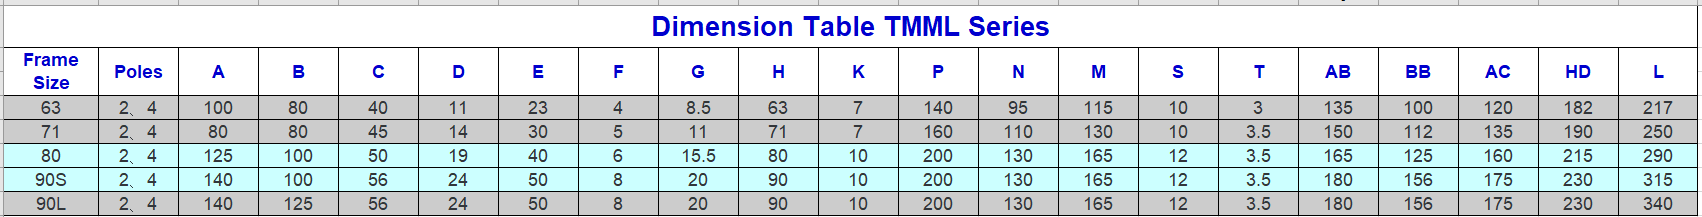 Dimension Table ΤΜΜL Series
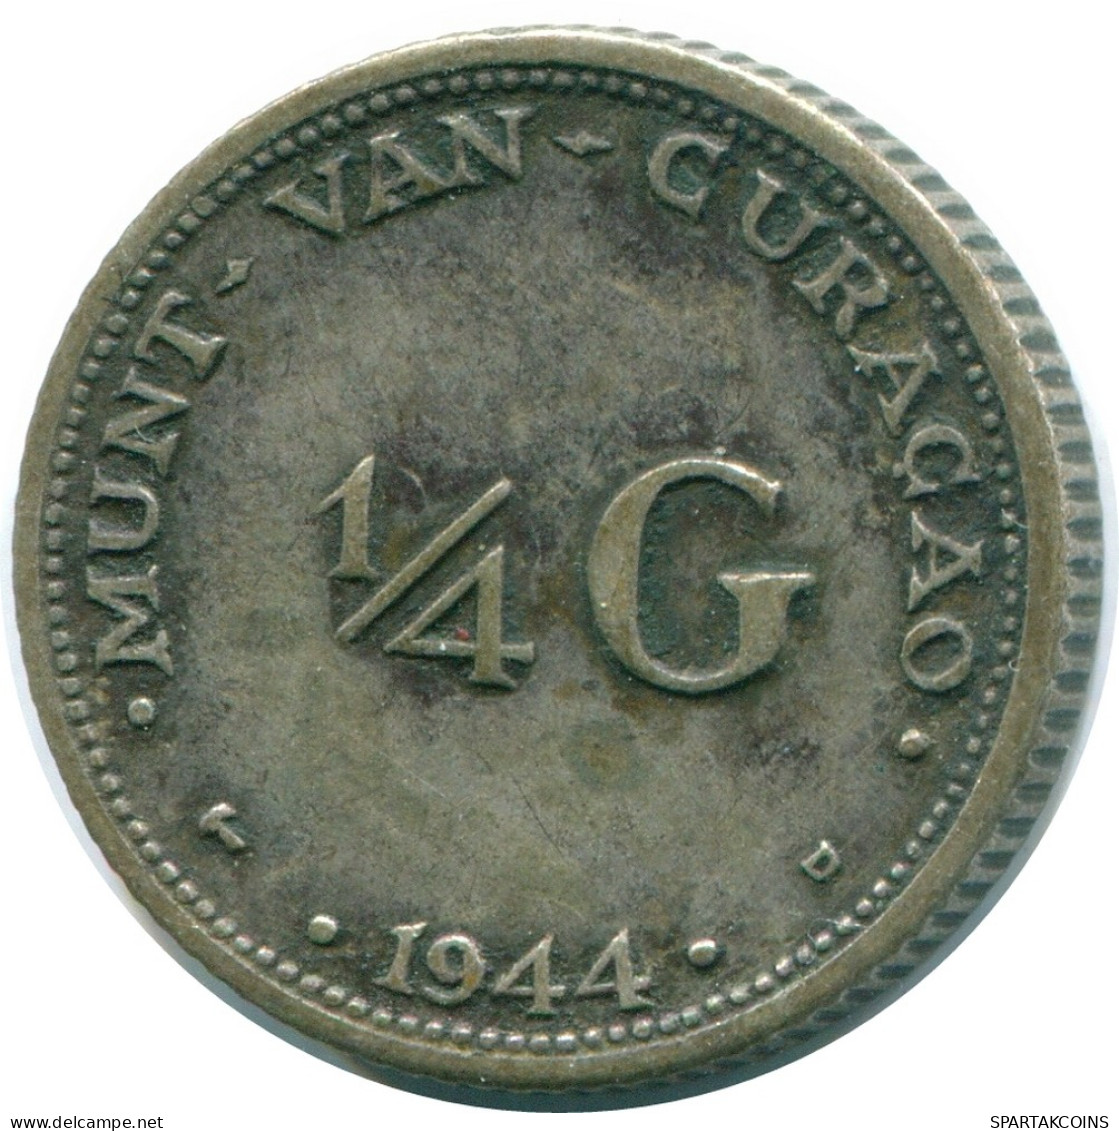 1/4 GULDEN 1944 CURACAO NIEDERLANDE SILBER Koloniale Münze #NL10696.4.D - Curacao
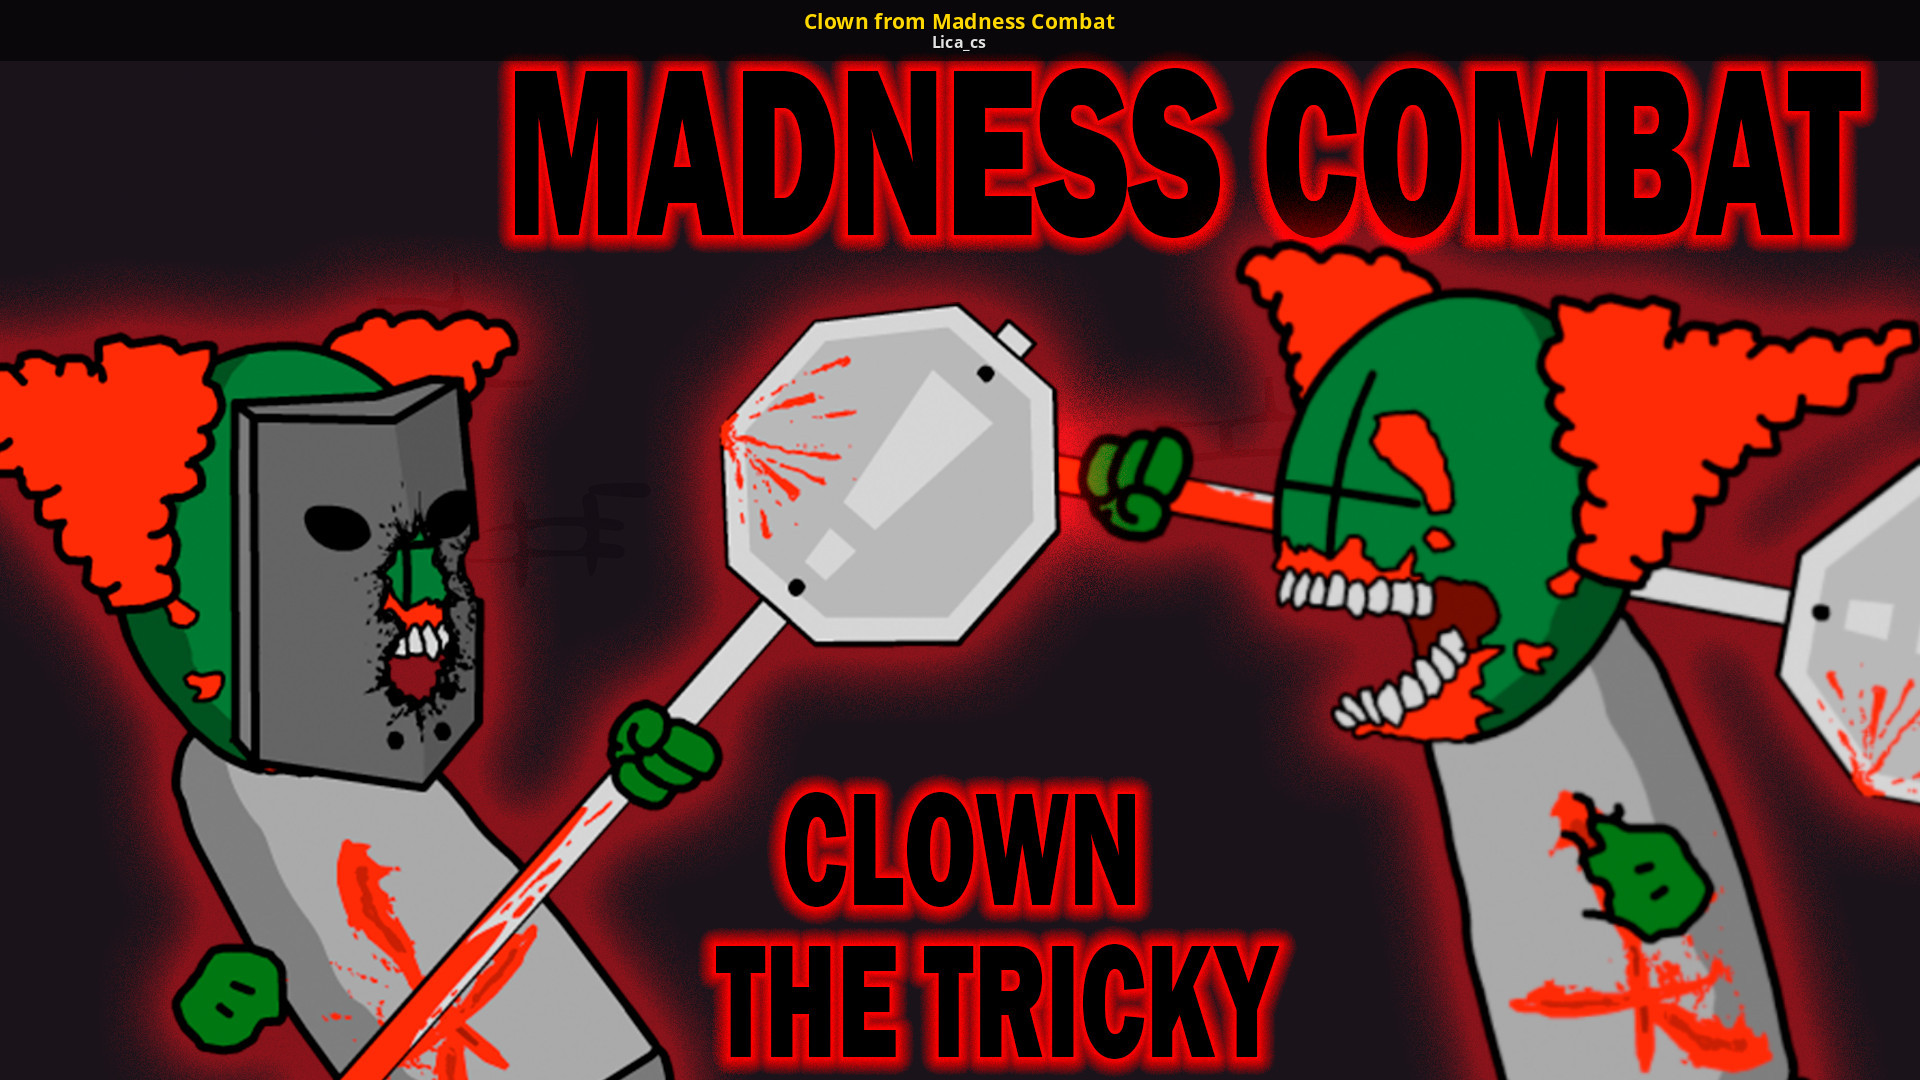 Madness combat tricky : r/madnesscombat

++++++++

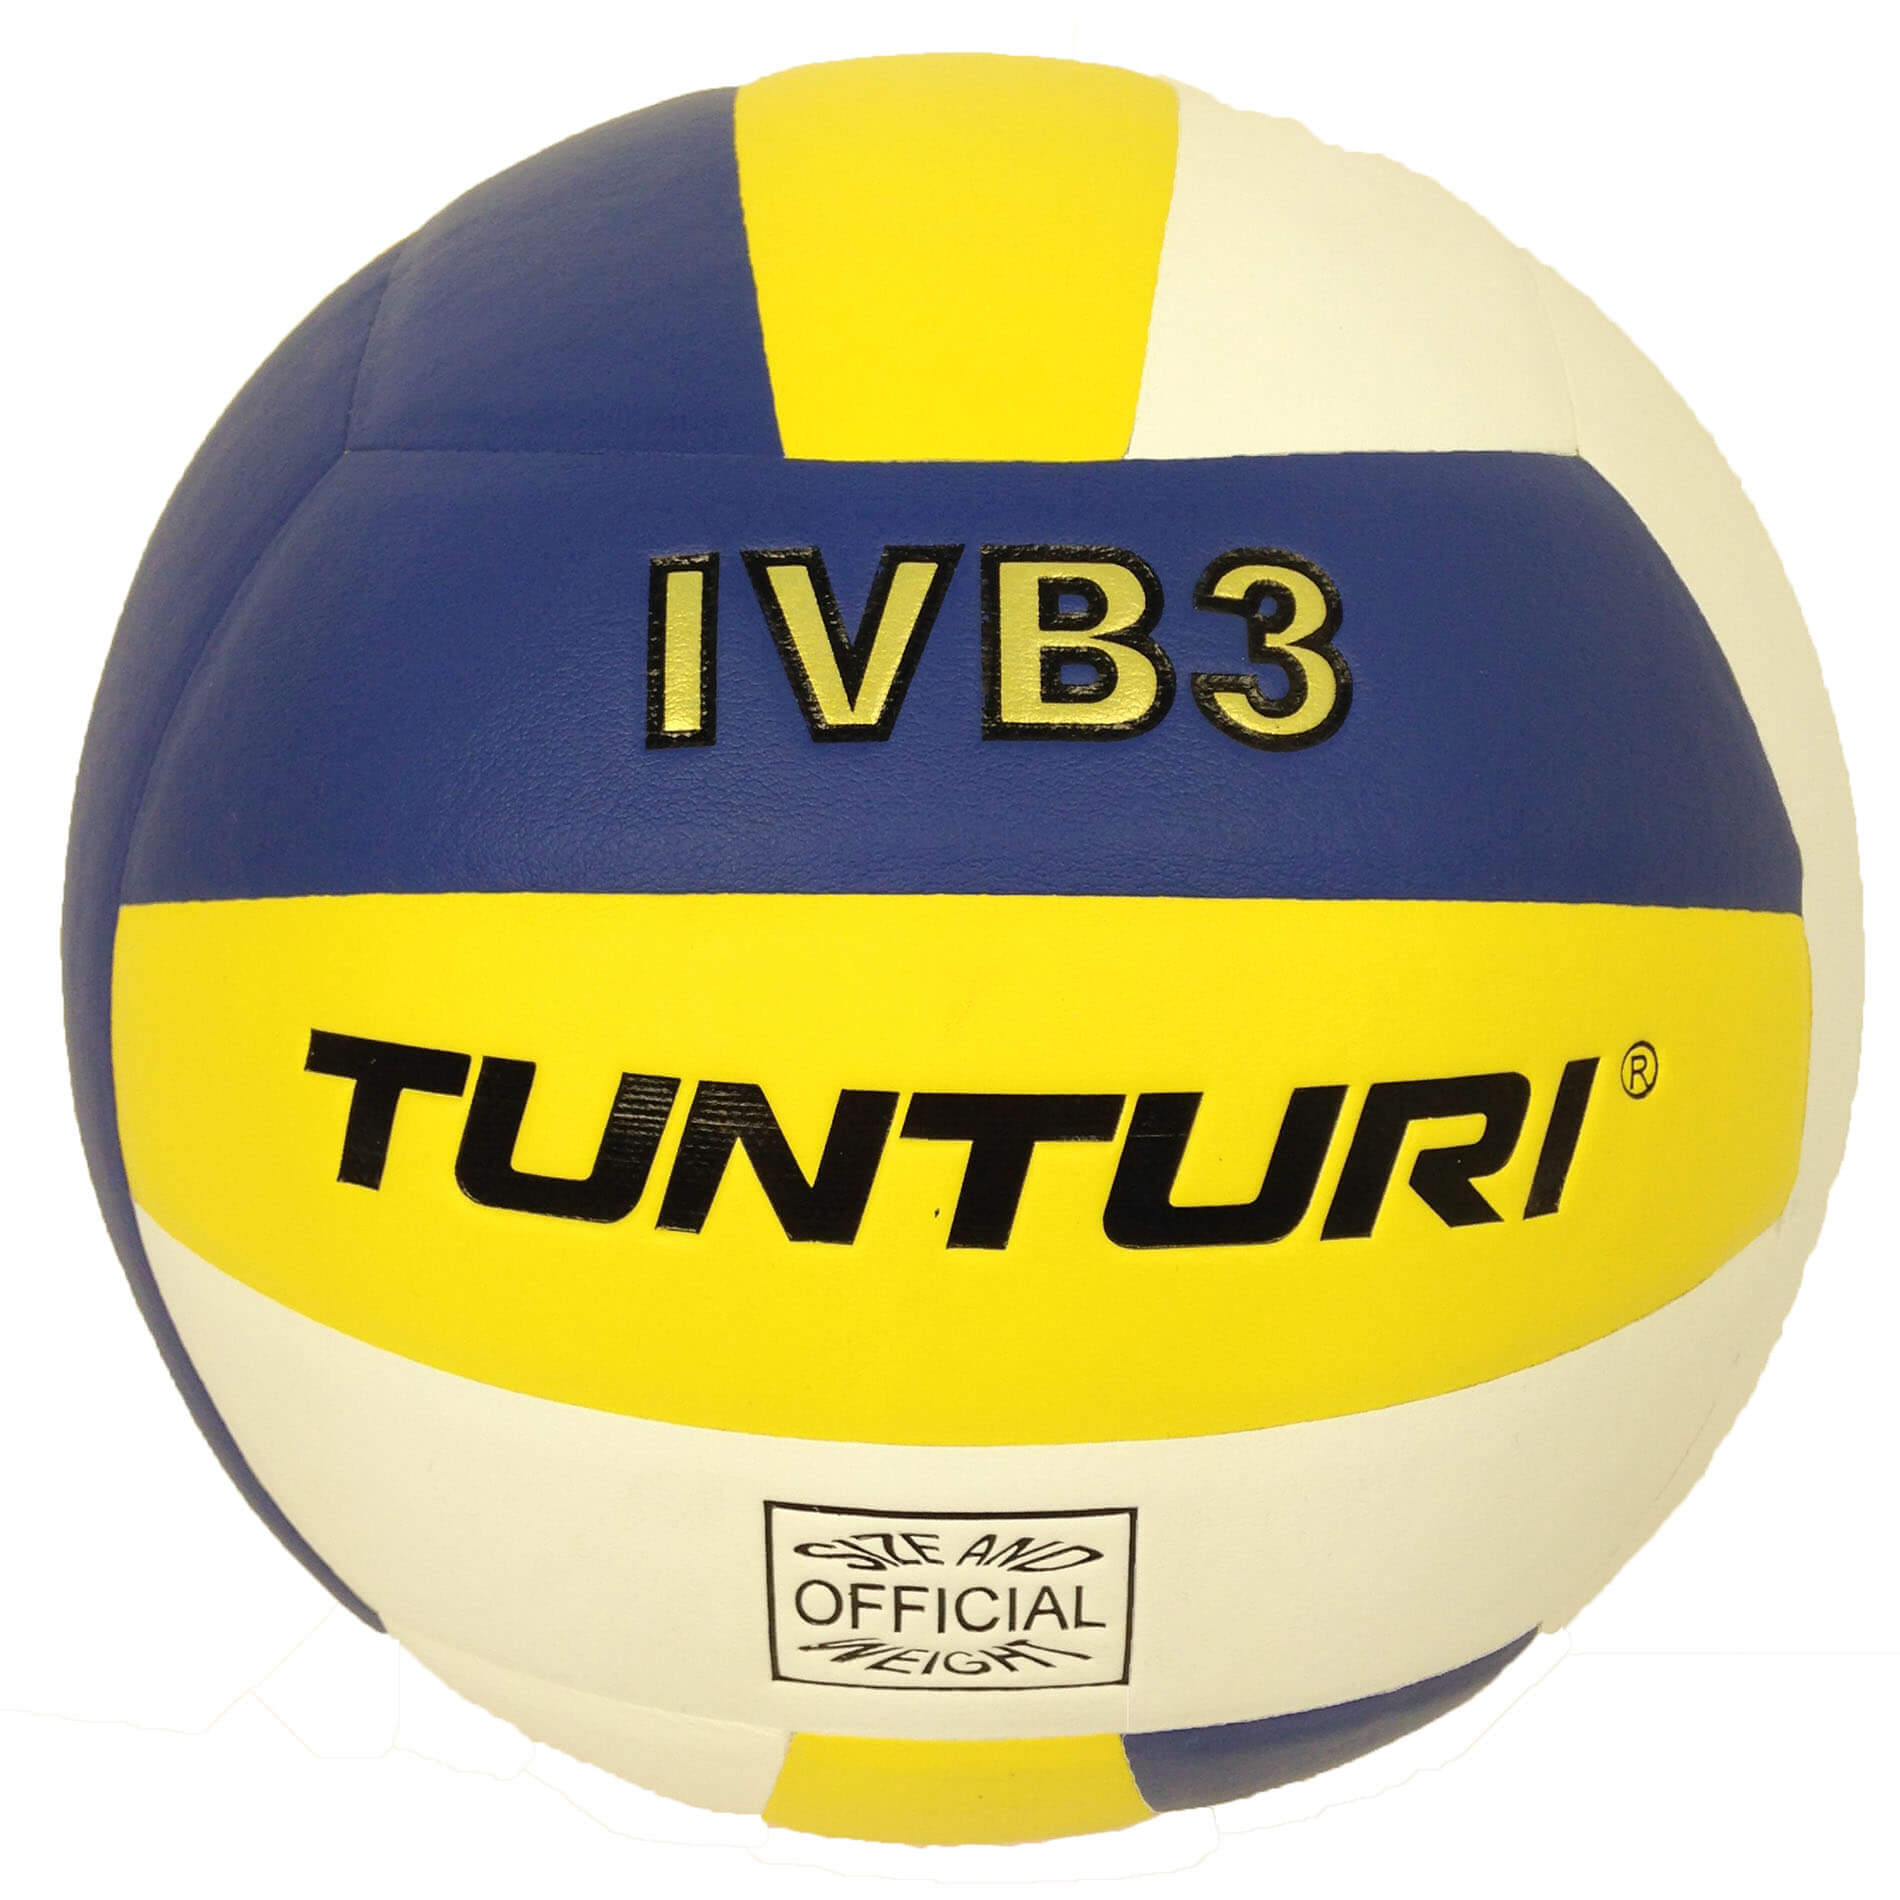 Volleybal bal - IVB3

++++++++

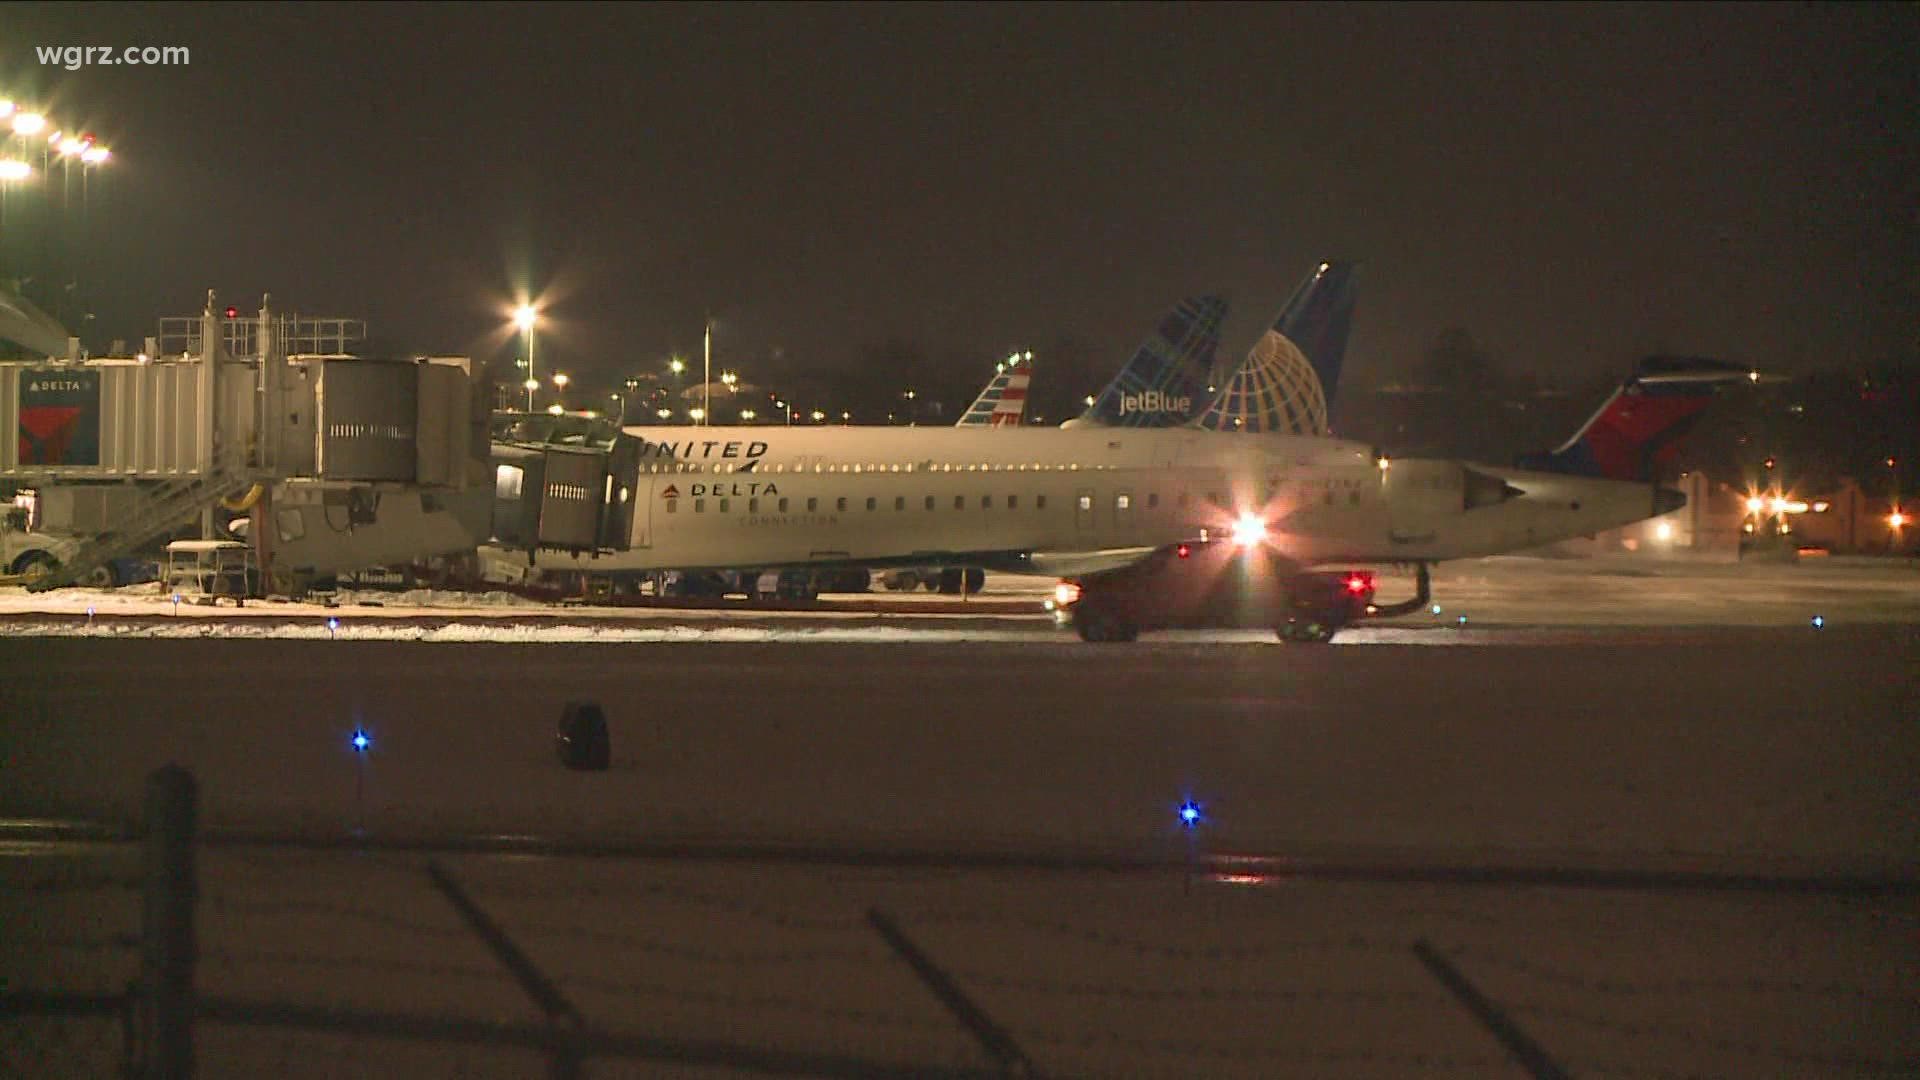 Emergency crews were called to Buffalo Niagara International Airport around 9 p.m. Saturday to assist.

++++++++

> [EXERCISE DIRECTIONS] With the pictures omitted, restate word for word the lines above from the line that has "1/4 GULDEN 1944" up to and including the line that has "Madness combat tricky : r/madnesscombat", and no other lines.

> [ANSWER TO THIS EXERCISE]
 1/4 GULDEN 1944 CURACAO NIEDERLANDE SILBER Koloniale Münze #NL10696.4.D - Curacao
 Madness combat tricky : r/madnesscombat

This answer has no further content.